# Buffalo Shill Shell Companies



## drmike

(parts redacted to help protect the legitimate brand!)

It appears we have another Buffalo shell company that looks dirtier than most.

There have been some mentions here and there of crazy annual pricing from name-ripoff m!n!vps.us.  Something like $4 annual OpenVZ horror. 

A cursory whois view of m!n!vps.us:



> Domain Name:                                 M!N!VPS.US
> Domain ID:                                   D44538712-US
> Sponsoring Registrar:                        ENOM, INC.
> Sponsoring Registrar IANA ID:                48
> Registrar URL (registration services):       whois.enom.com
> Domain Status:                               clientTransferProhibited
> Variant:                                     M!N!VPS.US
> Registrant ID:                               2FD2D4B3677D0BC8
> Registrant Name:                             Anthony Colao
> Registrant Address1:                         300 corporate parkway
> Registrant Address2:                         suite 116n
> Registrant City:                             niagara falls
> Registrant State/Province:                   NY
> Registrant Postal Code:                      14226
> Registrant Country:                          United States
> Registrant Country Code:                     US
> Registrant Phone Number:                     +1.5794345
> Registrant Email:                            [email protected]


To note:

1.    Anthony Colao = ??? unfound big picture.

2.  300 corporate parkway, suite 116n, niagra falls, ny 14226

     --> 14226 zipcode is Amherst (outside of Buffalo city)

How does someone get city name wrong on domain???

3.  2houndscom  --- > who are they?



> Selected Entity Name: TWO HOUNDS, LLC
> 
> Selected Entity Status Information Current Entity Name: TWO HOUNDS, LLC DOS ID #: 4490540 Initial DOS Filing Date: NOVEMBER 21, 2013 County: ERIE Jurisdiction: NEW YORK Entity Type: DOMESTIC LIMITED LIABILITY COMPANY Current Entity Status: ACTIVE
> Selected Entity Address Information DOS Process (Address to which DOS will mail process if accepted on behalf of the entity) TWO HOUNDS, LLC
> 300 CORPORATE PARKWAY
> SUITE 116N
> AMHERST, NEW YORK, 14226



Dead end?

300 Corporate Parkway in Amherst is a private business park road off of Maple... The address is likely a Regis desk rental / maildrop box setup.

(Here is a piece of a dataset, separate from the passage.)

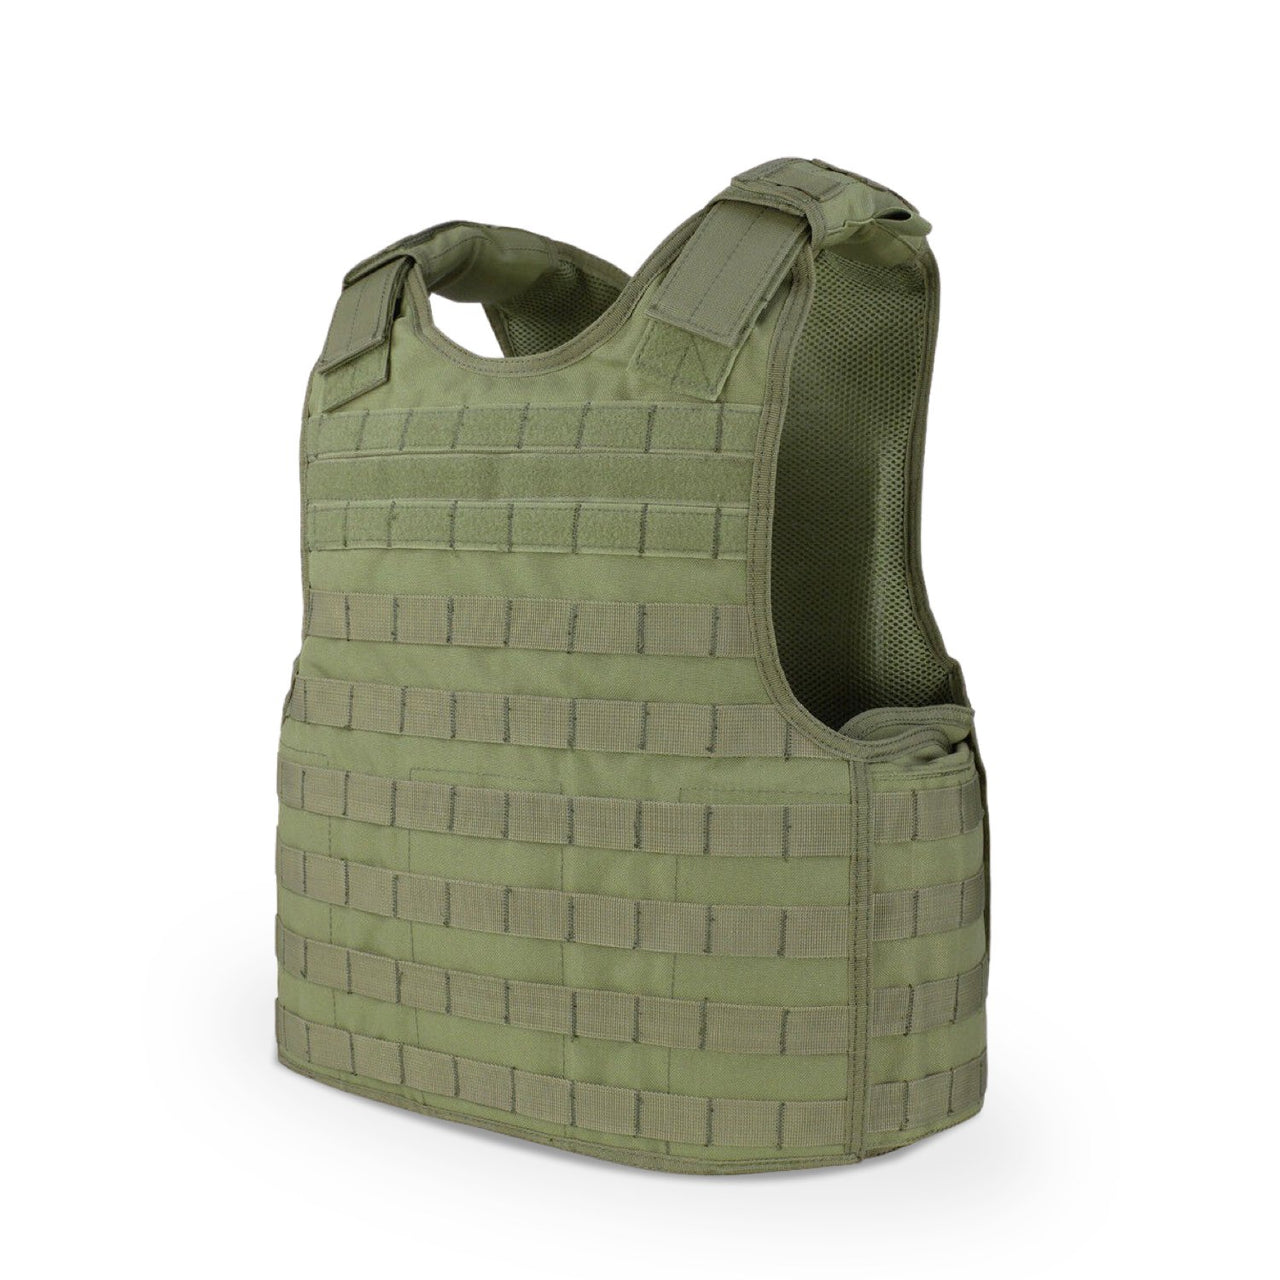 A Body Armor Direct Defender Tactical Multi-Threat Soft Armor Vest & Plate Carrier in One on a white background.

Maple is parallel to ... Sheridan, that's ColoCrossing's road.  ColoCrossing's office is ~ 6 miles away, while Fabozzi's home office is ~ 5 miles away.

------------------------------------------------------------------------------------------

So a view of m!n!vps.us website, at the very bottom:

Partners

TinyCloud

*ColoMart*
DollarVPS

TinyCloud = same company/owners.  The domain has private WhoIs info... but the name server info links it up:



> Name Server: NS1.2HOUNDS.NET
> Name Server: NS2.2HOUNDS.NET


DollarVPS = same company/owners - but discloses another name, from the whois info:



> Registry Registrant ID:
> Registrant Name: ANTHONY COLAO
> Registrant Organization:
> Registrant Street: 256 3RD ST
> Registrant City: NIAGARA FALLS
> Registrant State/Province: NY
> Registrant Postal Code: 14304
> Registrant Country: US
> Registrant Phone: +1.5794345
> Registrant Phone Ext:
> Registrant Fax: +1.5555555555
> Registrant Fax Ext:
> Registrant Email: [email protected]



Tying these loose ends together some more ---> M!n!VPS.us and TinyCloud.net use the very same icon:




> http://minivps.us/favicon.ico
> https://www.tinycloud.net/favicon.ico



*SO WHAT IS LEFT OVER????*

One "partner", colomart.net, which is second in that 3 partner stack. A whois on colomart.net:



> Domain Name: COLOMART.NET
> Registrar URL: http://www.godaddy.com
> *Registrant Name: Chris Fabozzi*
> Registrant Organization:
> Name Server: NS21.DOMAINCONTROL.COM
> Name Server: NS22.DOMAINCONTROL.COM


Colomart.net is suddenly offline (it was online earlier)...  What you should know about Colomart.net is

1. There don't appear to be offers out there from them.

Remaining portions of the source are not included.